Further, in 2012 body guards claimed in sworn depositions that Jody Allen sexually harassed them, purchasing tight, Euro-cut swim trunks and allegedly requesting they perform a “fashion show” for her. The guards also claimed under oath that she directed them to smuggle animal bones out of Africa and Antarctica. USDA records revealed that inspectors destroyed 72 pounds of giraffe bones belonging to Vulcan, Inc. That’s who the NBA commissioner backed this week.
Q: Why does Jody Allen hold on to the Blazers? — @bankermike747
A: It may be that she enjoys being “Queen Bee.” Also, estate attorneys tell me that Allen may be collecting an annual “management fee” as trustee of her brother’s estate. If so, she’s not at all incentivized to sell.

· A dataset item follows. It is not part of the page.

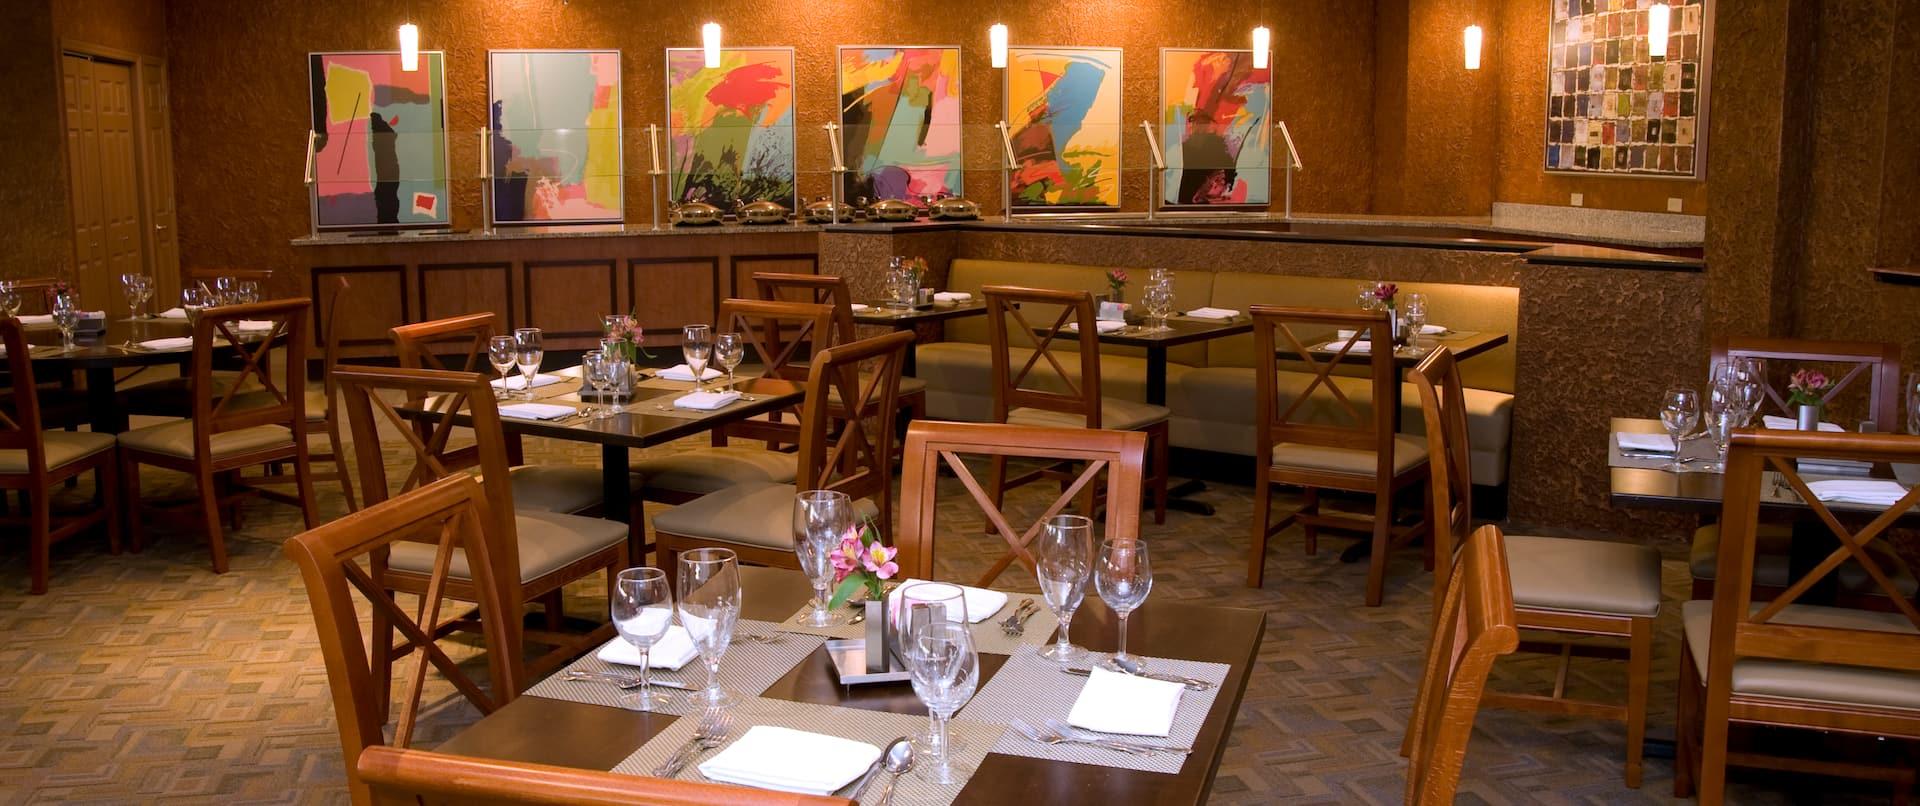 Copperfields Restaurant Dining Room
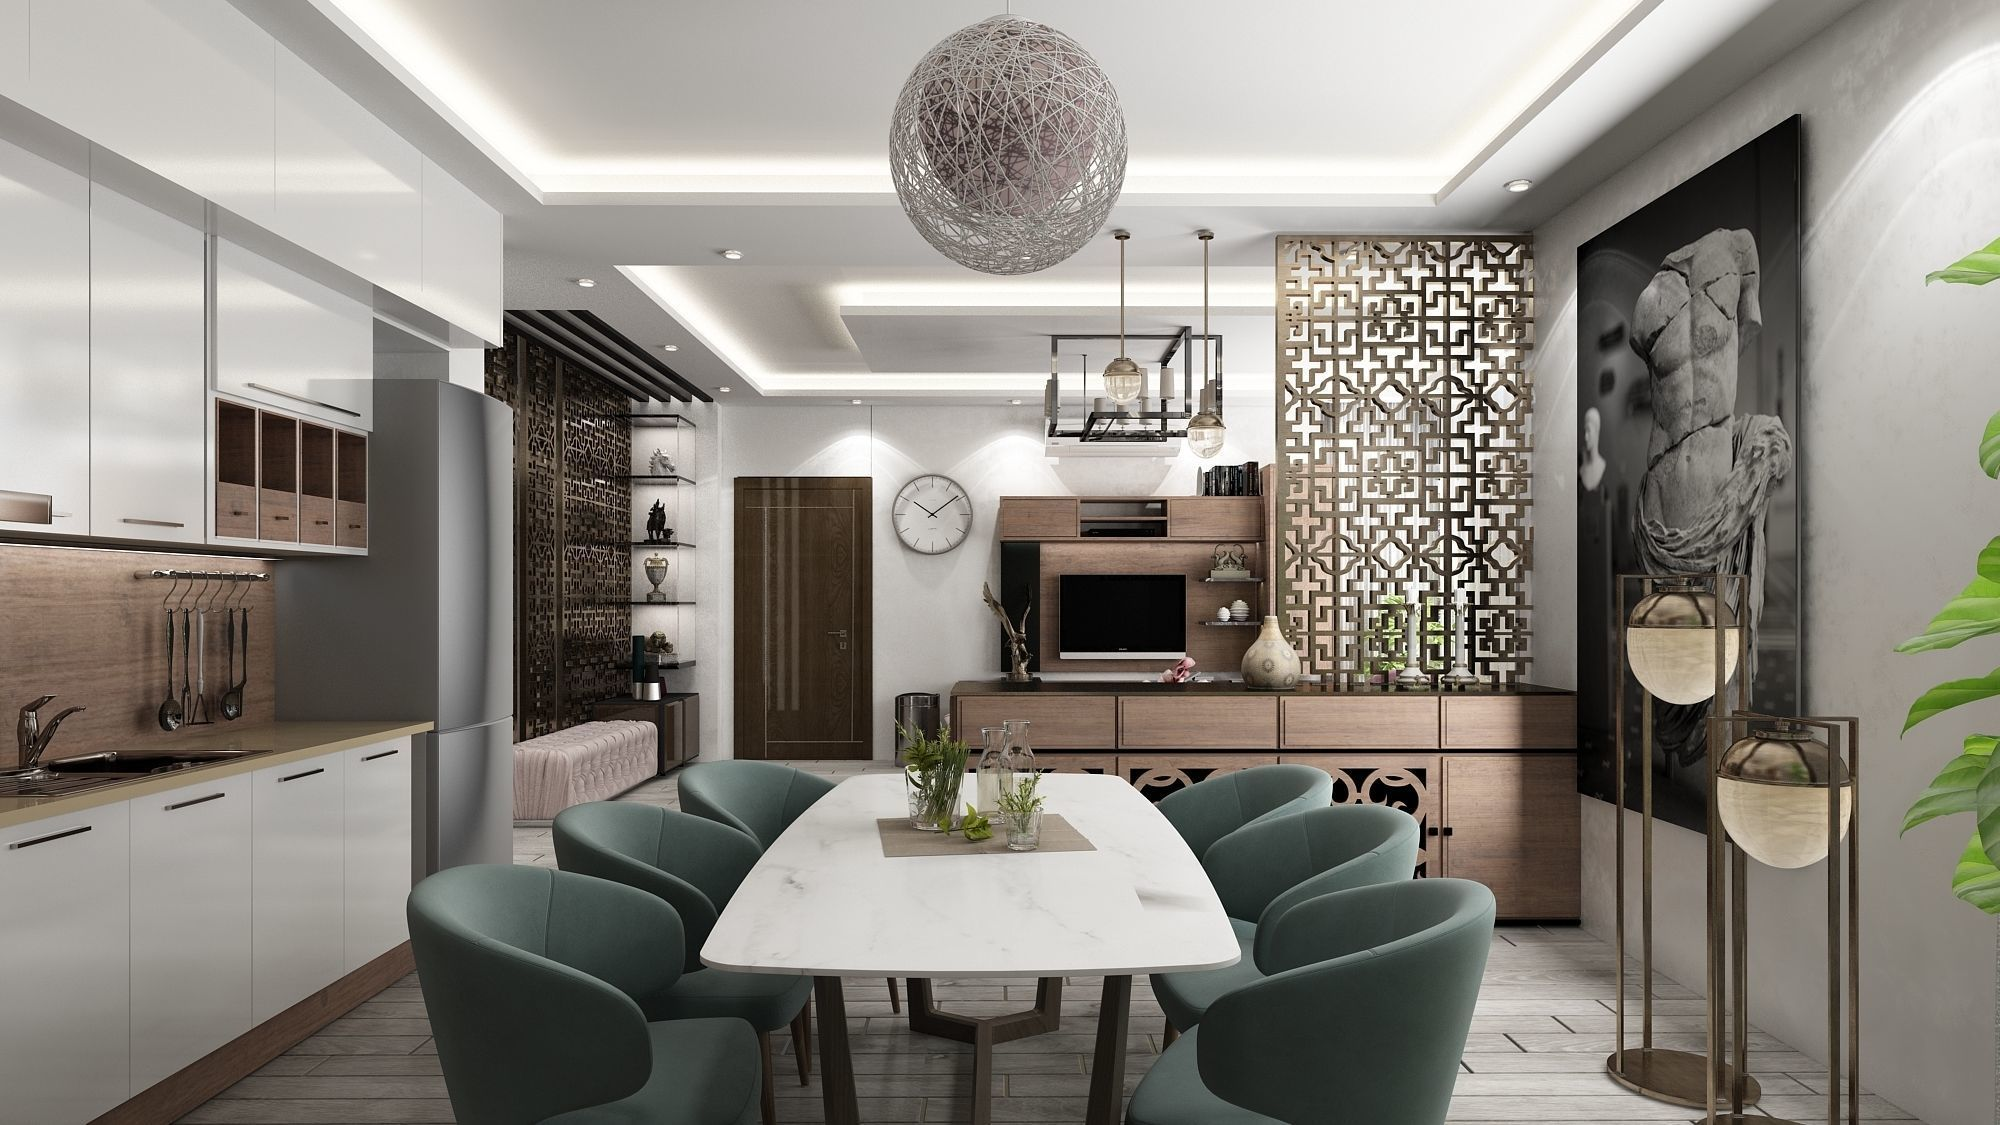 Full detailed Living room hall with kitchen interior scene | 9D model

Q: Has the Chip Kelly idea of separating football conferences from all other sports’ conferences gained any momentum? I think it’s a great idea!!! If not, it’s too bad the university leadership (and media?) don’t care more about the students compared to the athletes. It could save the Pac-12. — Arnie Lowder
A: I think it’s a great idea, too. So do lots of people in college athletics. And I’m told the country’s top athletic directors kicked this exact scenario around last year at an annual meeting. The ADs emerged from that talk convinced that separating football came with too many complications (Title IX among them). One AD told me this week: “After a while we realized it caused more problems than it solved.”
I do think it’s worth revisiting. Particularly, if the players unionize or are paid. I think it’s silly to pretend that football is the same as other sports. It’s just not.
Q: Who should the Pac-2 add first in rebuilding the conference? — Luke Weirup
A: San Diego State. But not until the 2025 football season. I’d try to make it as a conference of two in 2024. The Beavers and Cougars already have three non-conference games scheduled. They could add a home-and-home series vs. each other. That’s five total games for each. Then, I’d turn to the scheduling consultants and have them find another five games. As difficult as that sounds, I’m told it’s plausible.
Q: Who would win in a 10 round boxing match. Jonathan Smith or Dan Lanning. — Aaron Olbrantz
A: Kyle Whittingham.
Q: Hi John. You are in a foxhole. The enemy is mounting an attack. You have the Presidents of Washington and Oregon next to you in the foxhole. Which one do you trust more to see the mission thru with you? — Kevin Klustner
A: Neither, I dial up Oliver Luck.
Q: On a scale of poetic justice to divine retribution — how satisfying would it be for OSU or WSU to win the Pac-12 this season? — Matt Thenell
Q: Will any of the presidents of the 10 departing universities show their faces as part of the lawsuit and ‘try’ defending the Pac-12? Or are they too scared to do so because they know the public relations would be terrible? — Joe Clark
A: I don’t think anyone wants discovery. I smell a settlement coming.
Q: Tillamook Cheese or Cougar Gold? — Kit Duplessie
A: I need more research on this topic. Anyone want to help?